Most Libertarians that I've encountered are rabidly pro-US and pro-capitalism, many right-libertarians (including Ron Paul) are both religious fundamentalists and quite reactionary as far as their actual views on individual liberty (see for example, Ron Paul's opinions on abortion) which places them firmly outside of the realm of allies to any anarchists that I am friends with.

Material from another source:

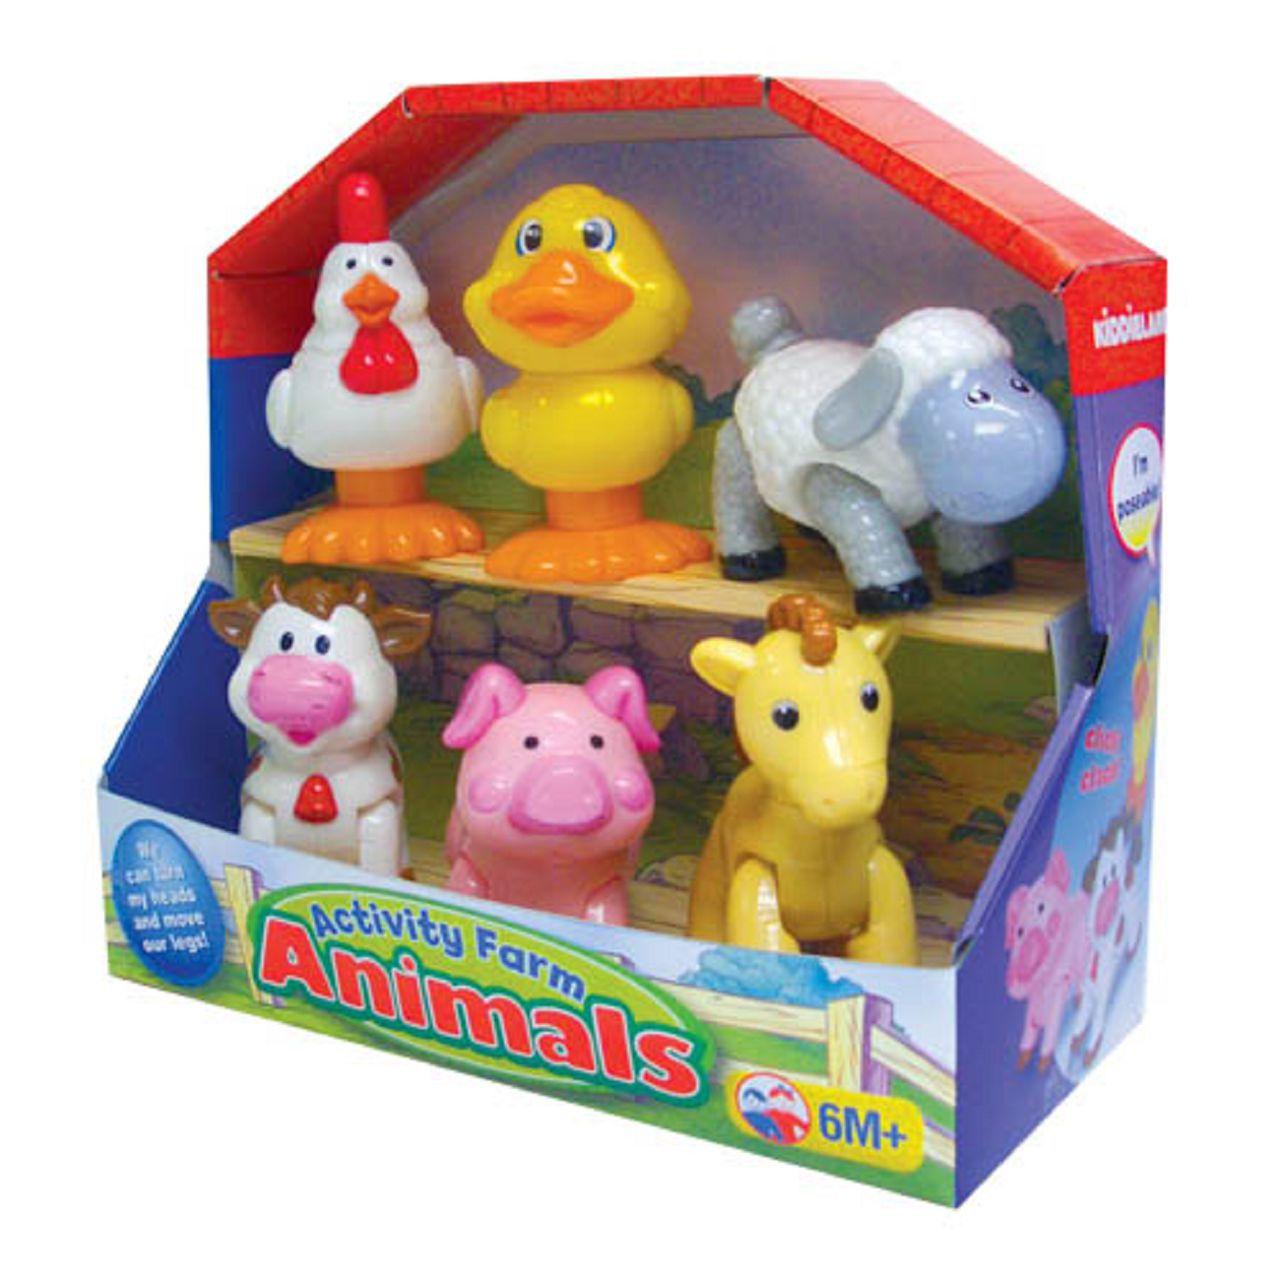 Развивающая игрушка  Домашние животные - Игровые наборы Зоопарк, Ферма, артикул: 150145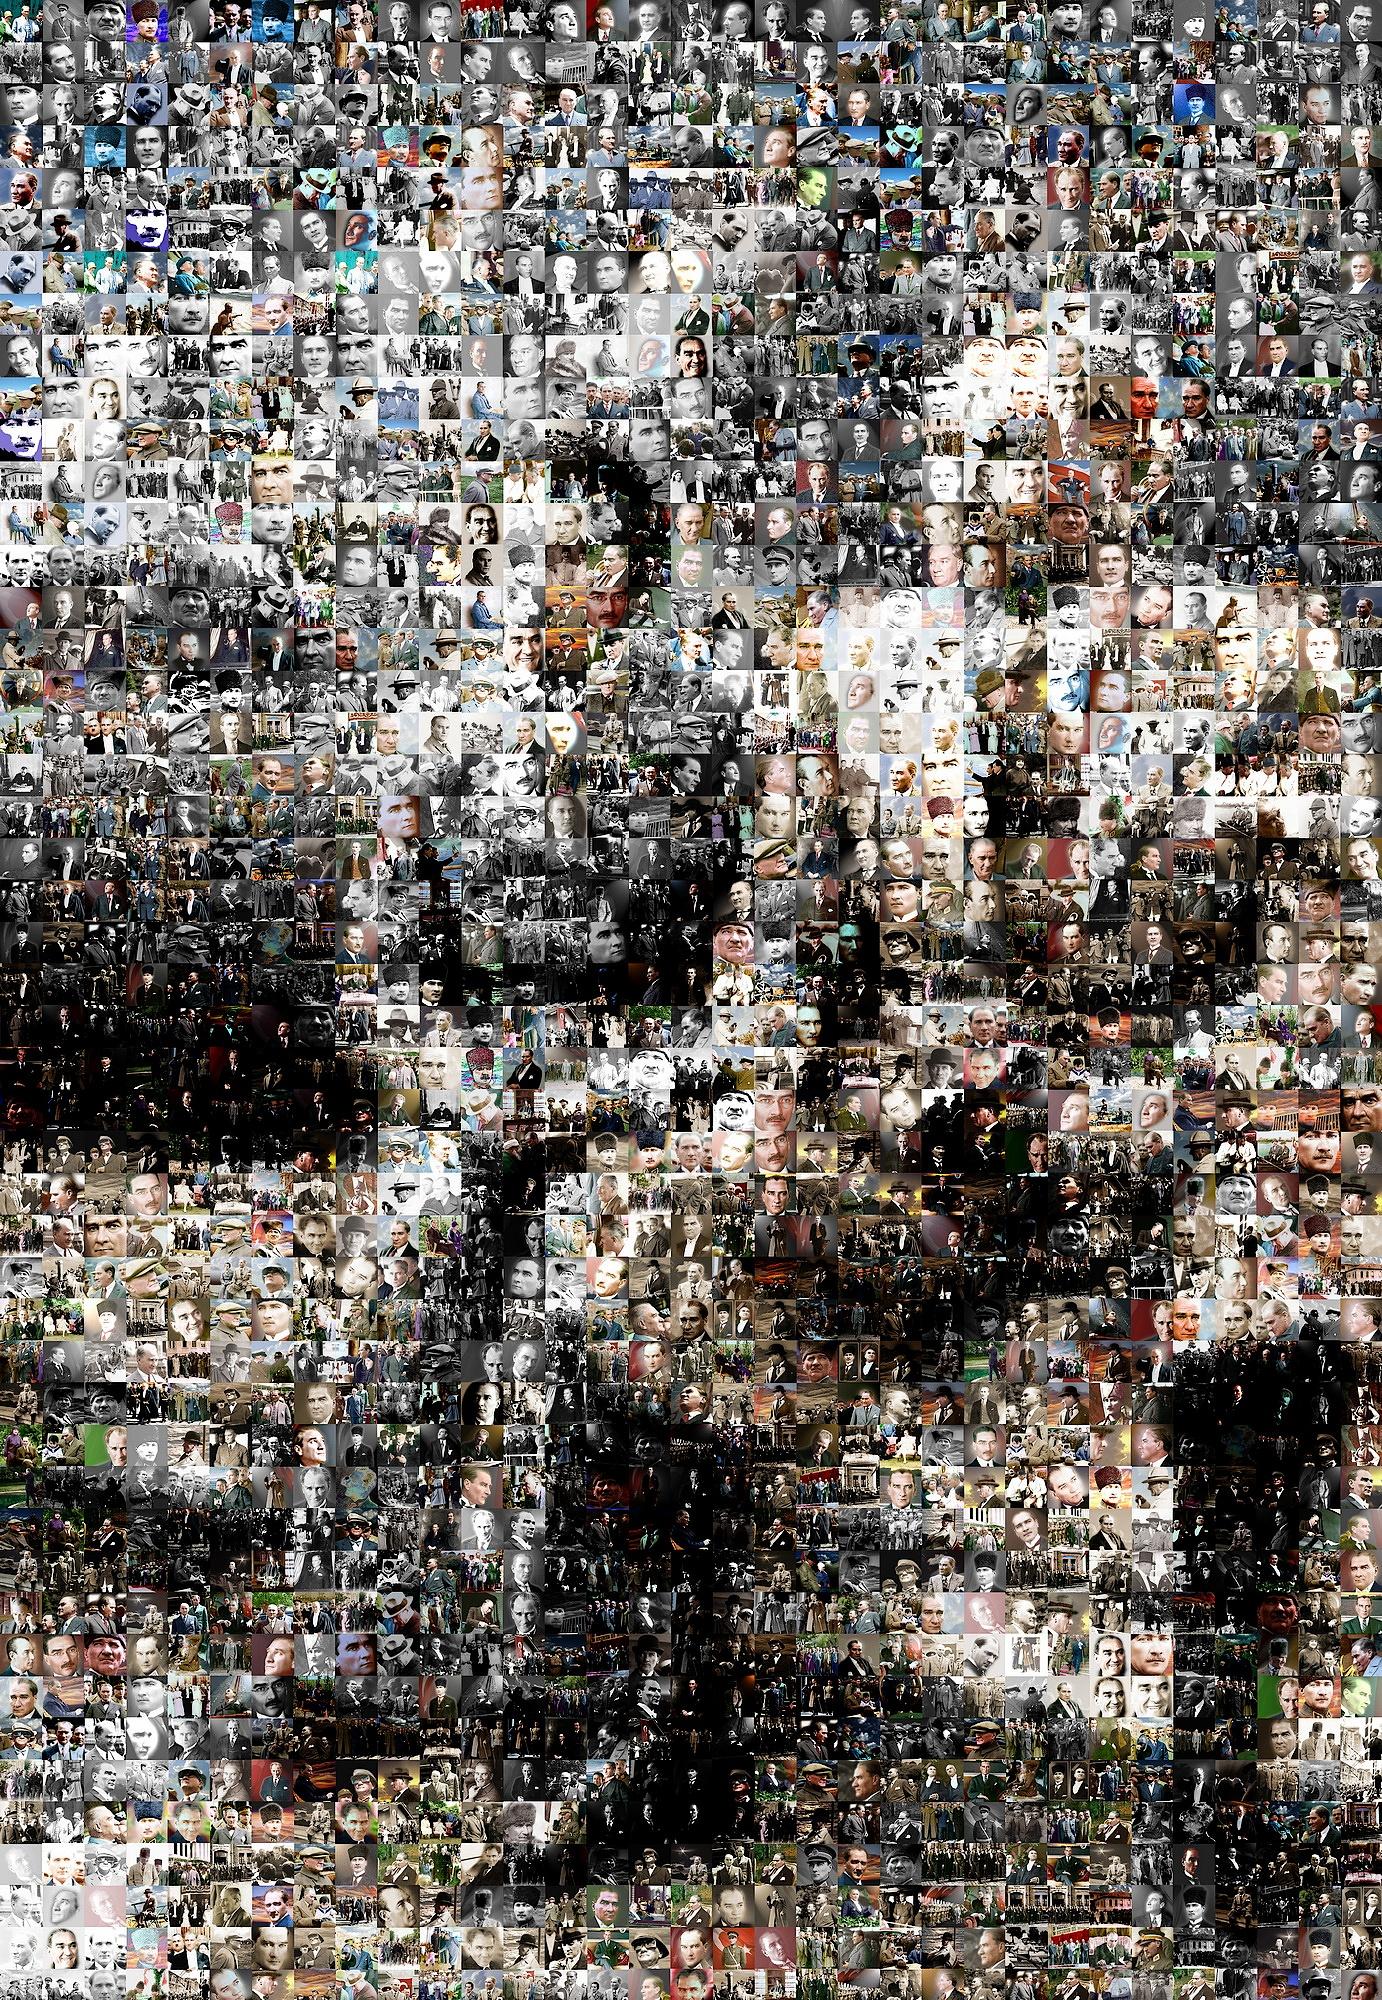 Kolaj resimden resim yapma sanat for Cochrane mural mosaic

*I'm capitalizing Libertarian to imply statist, pro-capitalist libertarians, since the term is older than that and in many places and at many times is synonynous with anarchist. I would actually argue that the Libertarian Party-types are actually misusing the word.
answered Feb 7, 2013 by ingrate (21,970 points)
Great answer, ingrate.
+2 votes
Ron Paul is popular among stormfront.org/David Duke types. There's good reasons why... "States' Rights" is less about decentralization and more about local White Power structures. They love the USA but just think its not run by Hetero-norm White Males like it used to be.

All the talk about the "Federal Reserve" is not about critiquing capitalism but about this mythical "Illuminati/Jewish-run" structure, which is a popular idea among White Supremacists/Nationalists, Constitutionalists, Far-Right Conspiracy theorists, and the fake philosophy known as "Anarcho-Capitalists" (aka extreme capitalist assholes).

If you poke an "Anarcho-Capitalist" too many times, they'll reveal themselves to be one of these Ron Paul Worshipers.
answered Feb 11, 2013 by Artificiality (8,160 points)
edited Mar 23, 2013 by Artificiality
+2 votes
anarchism has amongst its goals the elimination of the nation-state. nevertheless that is not its main goal but the overall goal is the destruction of social hierarchies in general and capitalist hierarchies are many times worse than state ones or many times capitalist hierarchies can control the state to their own ends.

So that is why anarchism is full of criticisms of private property and it has tended to state that alongside the elimination of the nation-state there has to be a massive expropriation of the bourgoise/capitalists. Ron Paul and the "libertarians" are on the contrary staunch in the defense of capitalist private property and the deregulation of it without limits to personal or small group accumulation of wealth.

As such it is rather pointless to collaborate with pro-capitalist "libertarians". There have also been voices that have manifested that anarchists should collaborate with fellow anti-capitalists such as maoists for example. Also anarchism in some way shares with fascism a criticism of plarliamentary democracy. The difference with such superficial "agreements" of sorts in a single issue with some ideologies such as stalinists, pro-capitalist libertarians and fascists is the radically different ends of them all as oppossed to anarchism.

It seems to me that pro-capitalist libertarianism is more or less being applied in african countries where there is almost no regulation of corporations (whether labour or environmental ones), they almost pay no taxes, and things like mining companies have gone as far as hiring private armed militias to advance their goals. Thats is as far from anarchism as for example a police state like Stalin´s russia of China or North Korea. In fact some have argued that that kind of rule and overwhelming power of capitalist enterprises over people is just another kind of state (a privatized state) in place of the one´s we have today.
answered Feb 12, 2013 by iconoclast (3,250 points)
edited Feb 14, 2013 by iconoclast
Thanks! it turns out I was missing the point about private property
iconoclast, could you direct me to some reading about the idea of a privatized state of capitalist enterprises?